Then Glas, son of Dremen, gave out a challenge of fight from Cuban’s son, and the King of Greece answered it. And the two fought hand to hand, and the King of Greece made a great cast of his thick spear at Cuban’s son, that went through his body and broke his back in two. But he did not take that blow as a gift, but he paid for it with a strong cast of his own golden spear that went through the ringed armour of the King of Greece. And those two fell together, sole to sole, and lip to lip. “There is grief on me, Cuban’s son to have fallen,” said Finn, “for no one ever went from his house unsatisfied; and a man that I would not keep, or the High King of Ireland would not keep for a week, he would keep him in his house through the length of a year. And let Follamain, his son, be called to me now,” he said, “and I will give him his father’s name and place.”
They stopped there then till the next morning. “Who will go and fight to-day?” said Finn then. “I will do that,” said Goll Garb, son of the King of Alban and of the daughter of Goll, son of Morna.

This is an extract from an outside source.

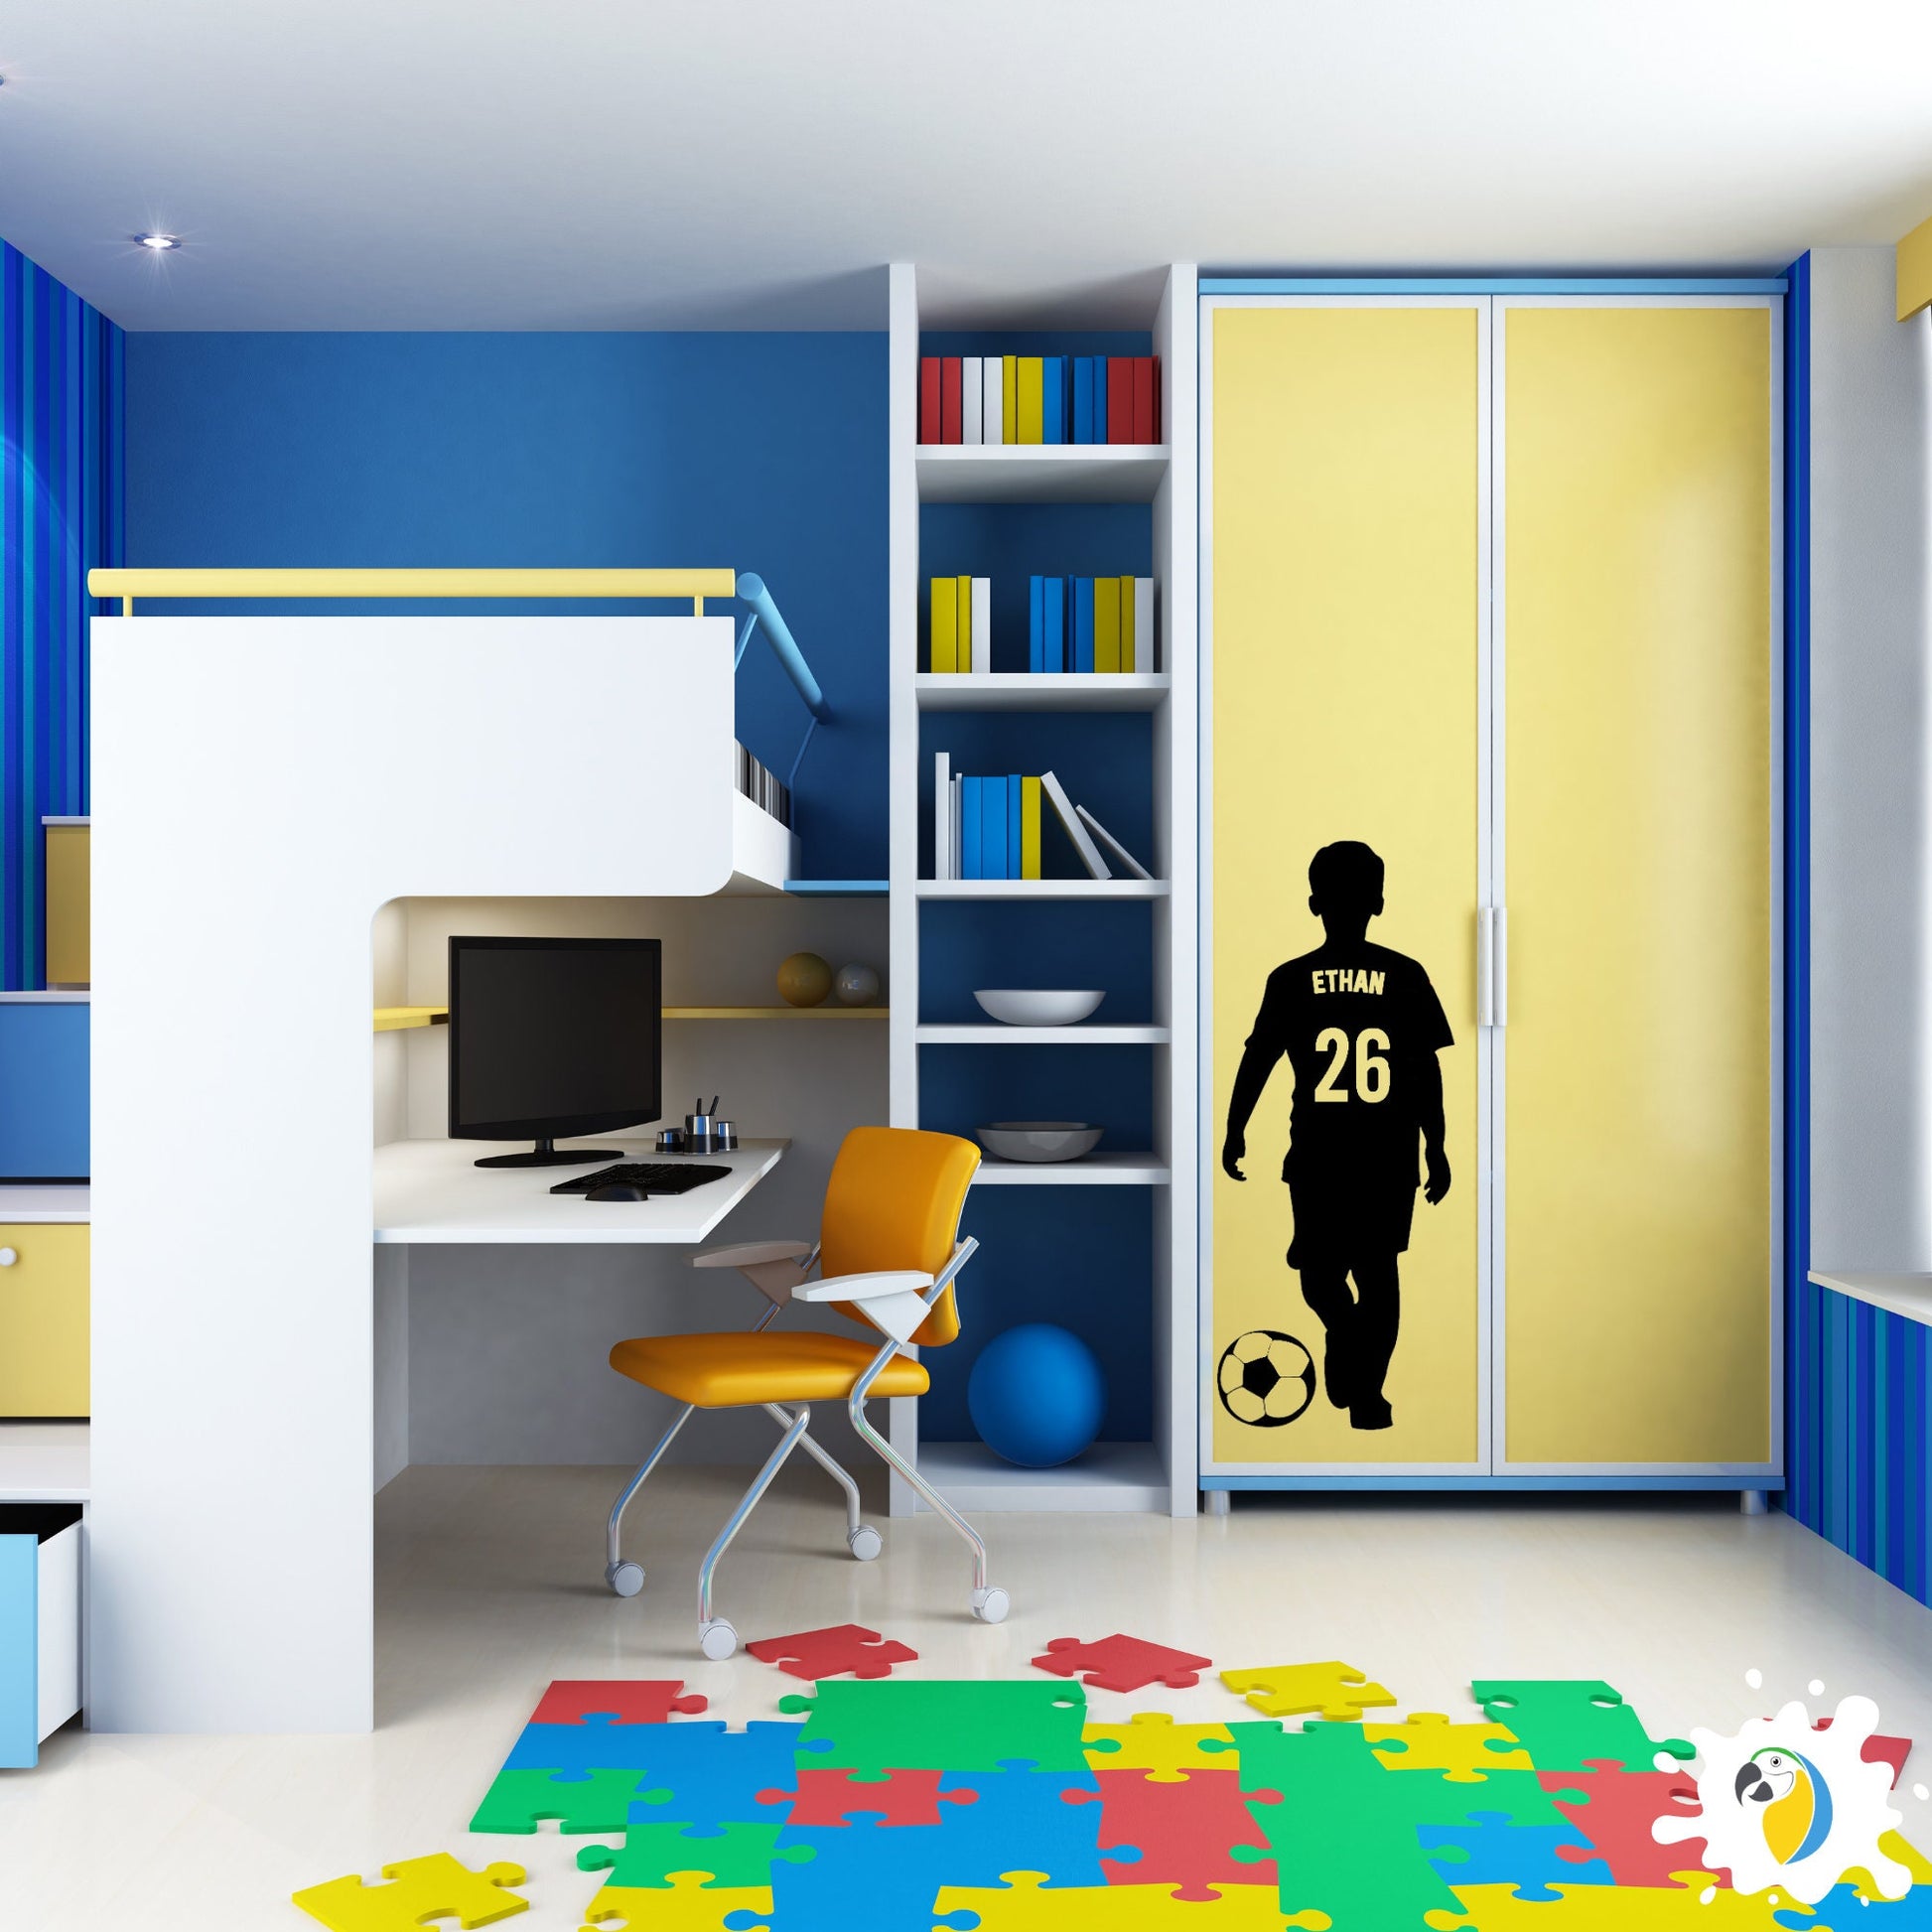 Custom Name and Number Soccer Player Wall Decal | DIY Home Decor For Boys Room | Personalized Sport Football Vinyl Sticker Poster | Papagaio Studio Etsy Shop

So he put on his battle dress, and there came against him the three kings from the rising of the sun in the east, and their three battalions with them. And Goll Garb rushed among their men, and wounded and maimed and destroyed them, and blinded their eyes for ever, so that their wits went from them, and they called to him to stop his deadly sword for a while. So he did that; and it is what they agreed to take their three kings and to give them over to Goll Garb that he might stop doing destruction with his sword.
“Who will go out and fight to-day?” said Finn, on the morning of the morrow. “I will go,” said Oisin, “and the chief men of the sons of Baiscne with me; for we get the best share of all the pleasant things of Ireland, and we should be first to defend her.” “I will answer that challenge,” said the King of France, “for it is against Finn I am come to Ireland, on account of my wife that he brought away from me; and these men will fall by me now,” he said, “and Finn himself at the last; for when the branches of a tree are cut off, it is not hard to cut down the tree itself.”
So the King of France and Oisin met one another at the eastern end of the strand, and they struck their banners of soft silk into the green hill, and bared their swords and made a quick attack on one another. And at one time the king struck such a great blow that he knocked a groan out of Oisin. But for all that he was worsted in the end, and great fear came on him, like the fear of a hundred horses at the sound of thunder, and he ran from Oisin, and he rose like a swallow, that his feet never touched the earth at all; and he never stopped till he came to Gleann na-n Gealt, the Valley of Wild Men. And ever since that time, people that have lost their wits make for that valley; and every mad person in Ireland, if he had his way, would go there within twenty-four hours.